▸ SOURCE DATA
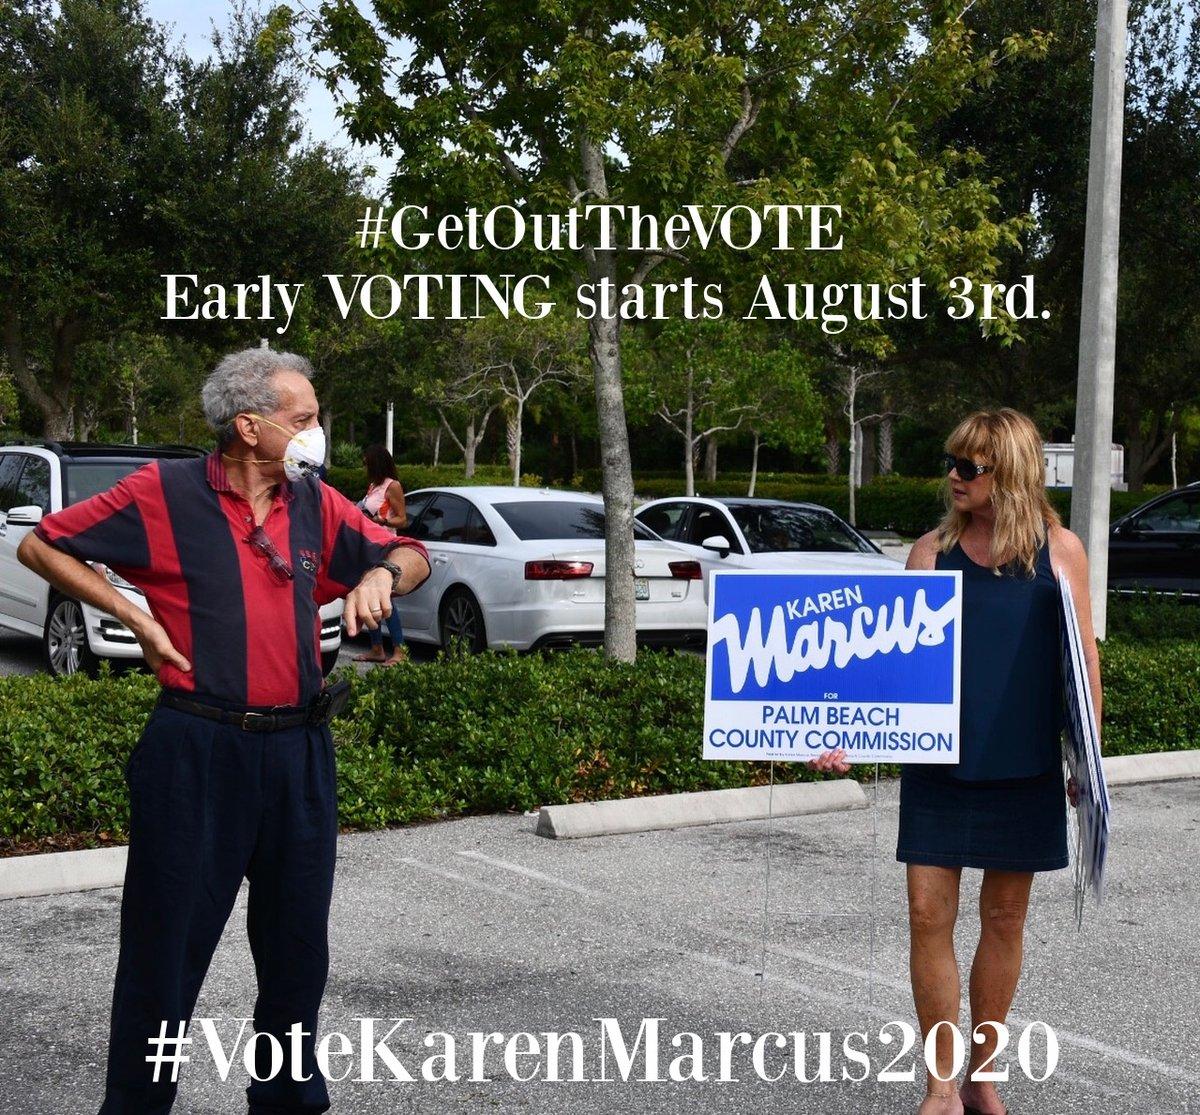 KarenMarcus16 photo
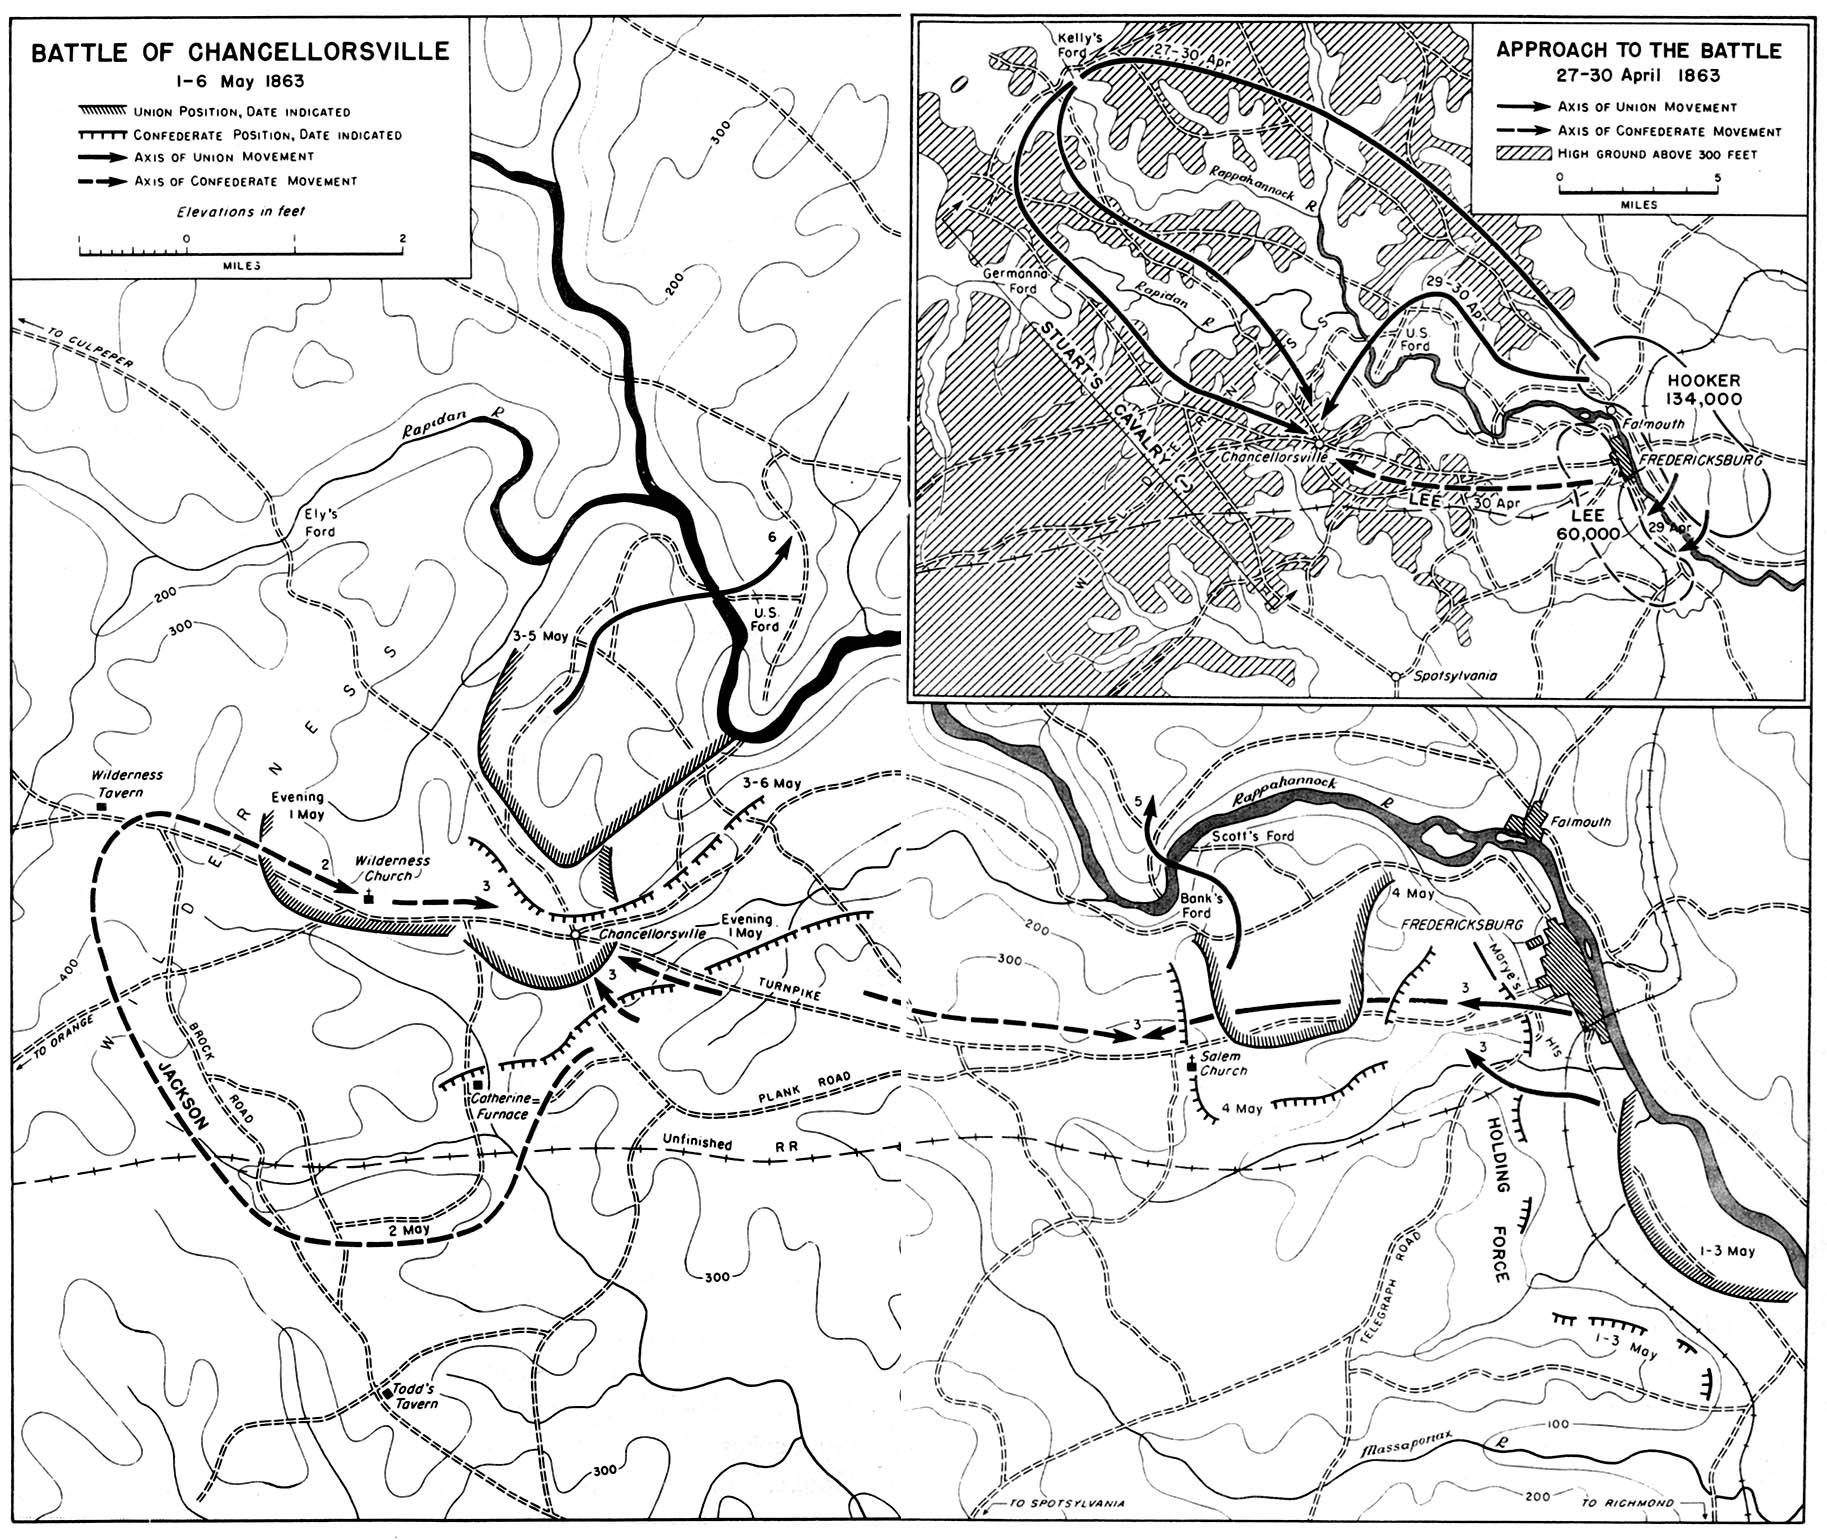 Mapa de la Batalla de Chancellorsville, Guerra Civil Estadounidense,  1-6 Mayo 1863
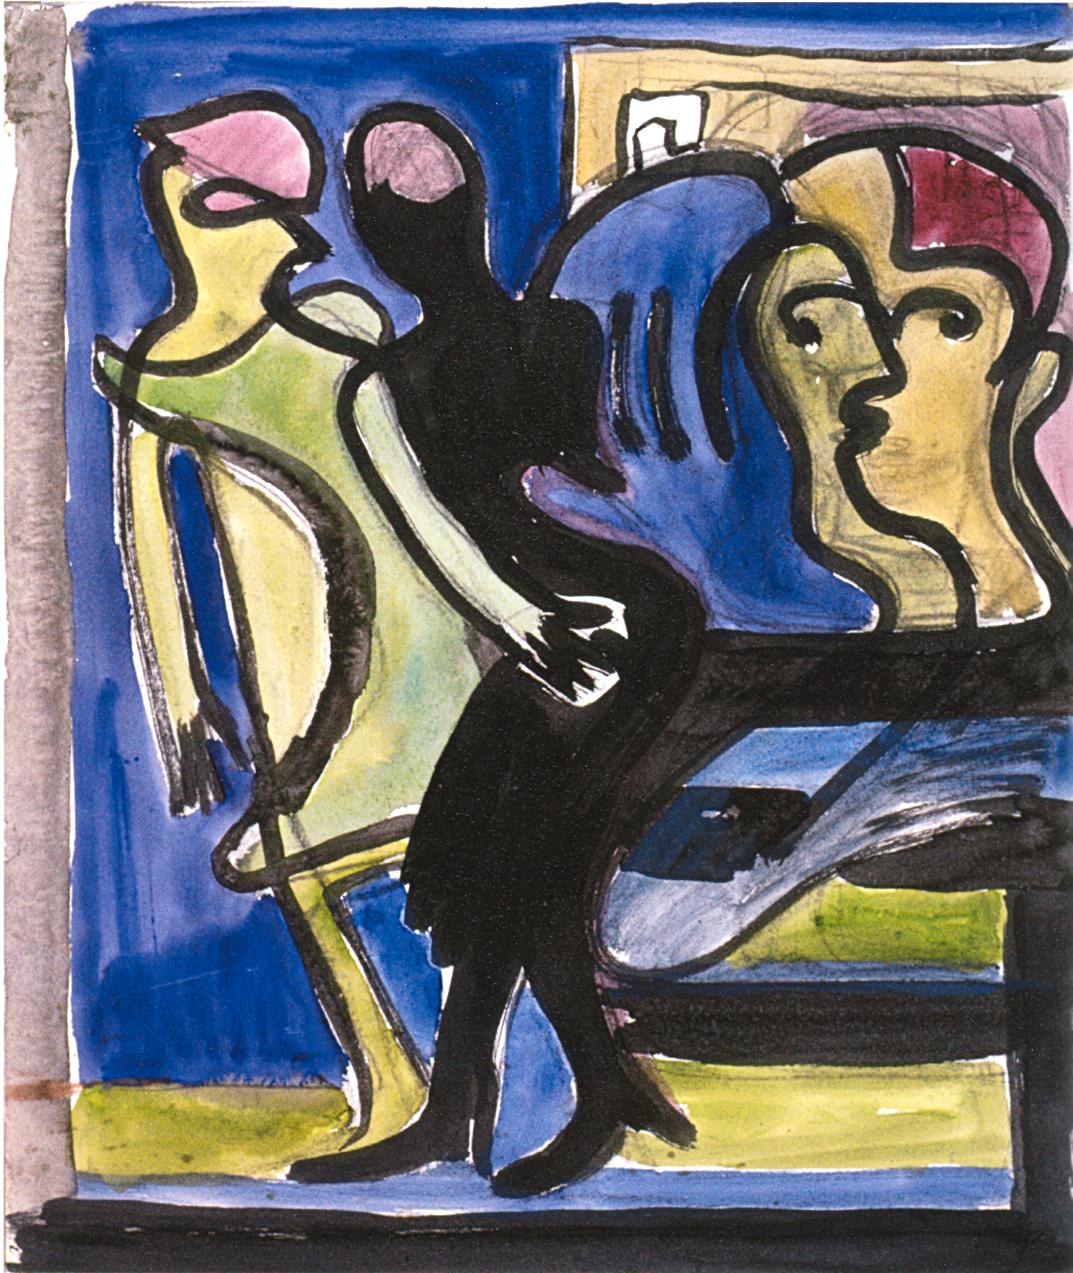 Ernst Ludwig Kirchner - Strasenszene - Durchblick in Cafe 1935 - Quelle: WikiCommons, siehe Angabe im Artikel
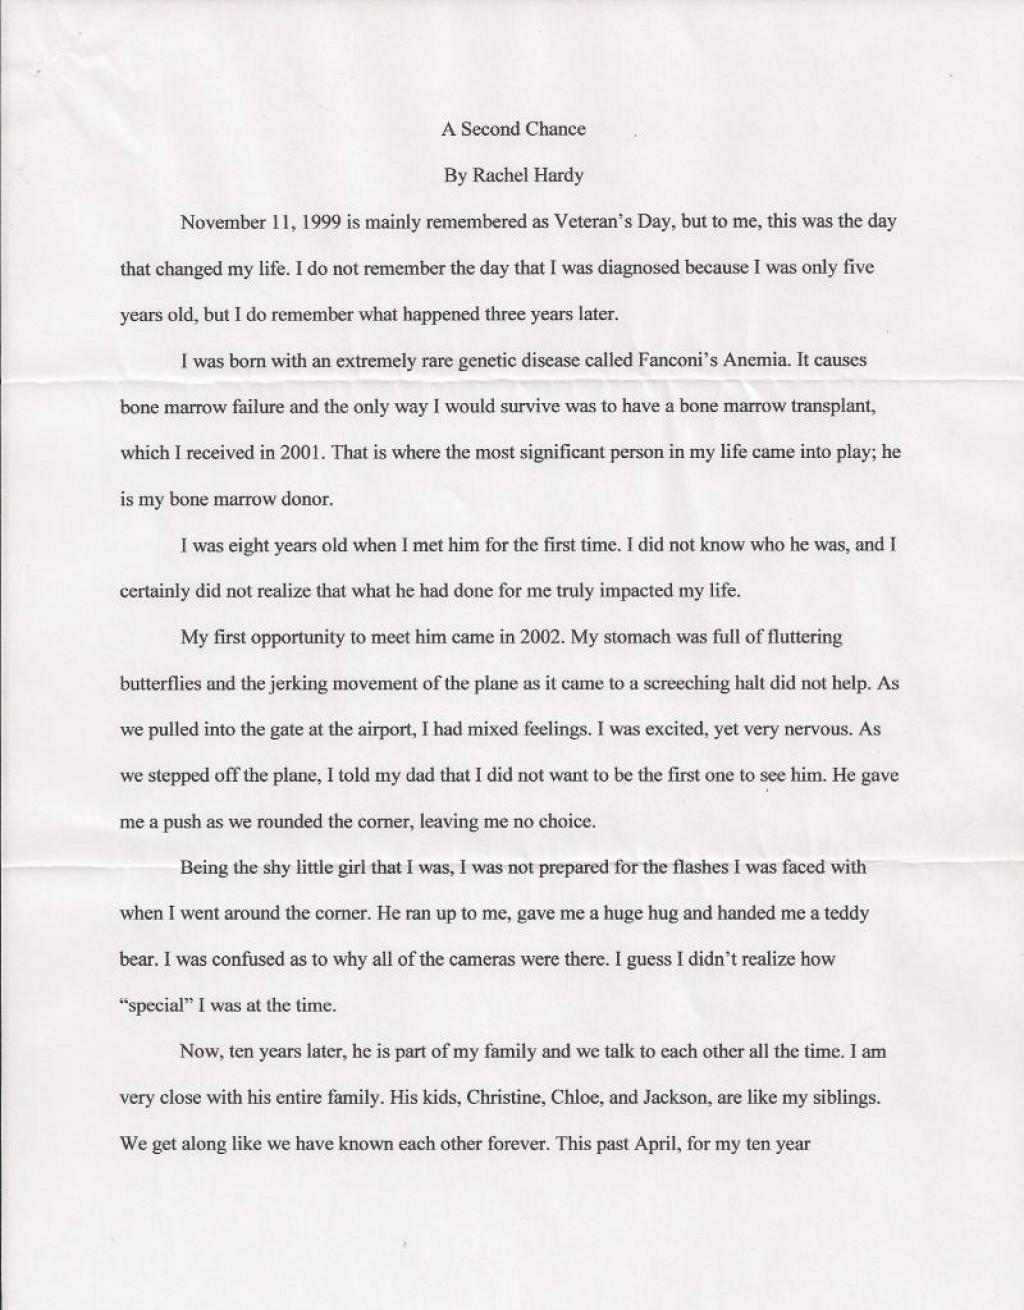 010 Essay Example Rachel Hardy 1 206151151 Std Scholarship Stunning Sample Leadership For Mba Large

▸ ACTIVITY
In the listing above, find the line containing "Ernst Ludwig Kirchner" and restate it and every later line verbatim, with the pictures left out.

▸ SOLUTION FOR THIS PROBLEM
 Ernst Ludwig Kirchner - Strasenszene - Durchblick in Cafe 1935 - Quelle: WikiCommons, siehe Angabe im Artikel
 010 Essay Example Rachel Hardy 1 206151151 Std Scholarship Stunning Sample Leadership For Mba Large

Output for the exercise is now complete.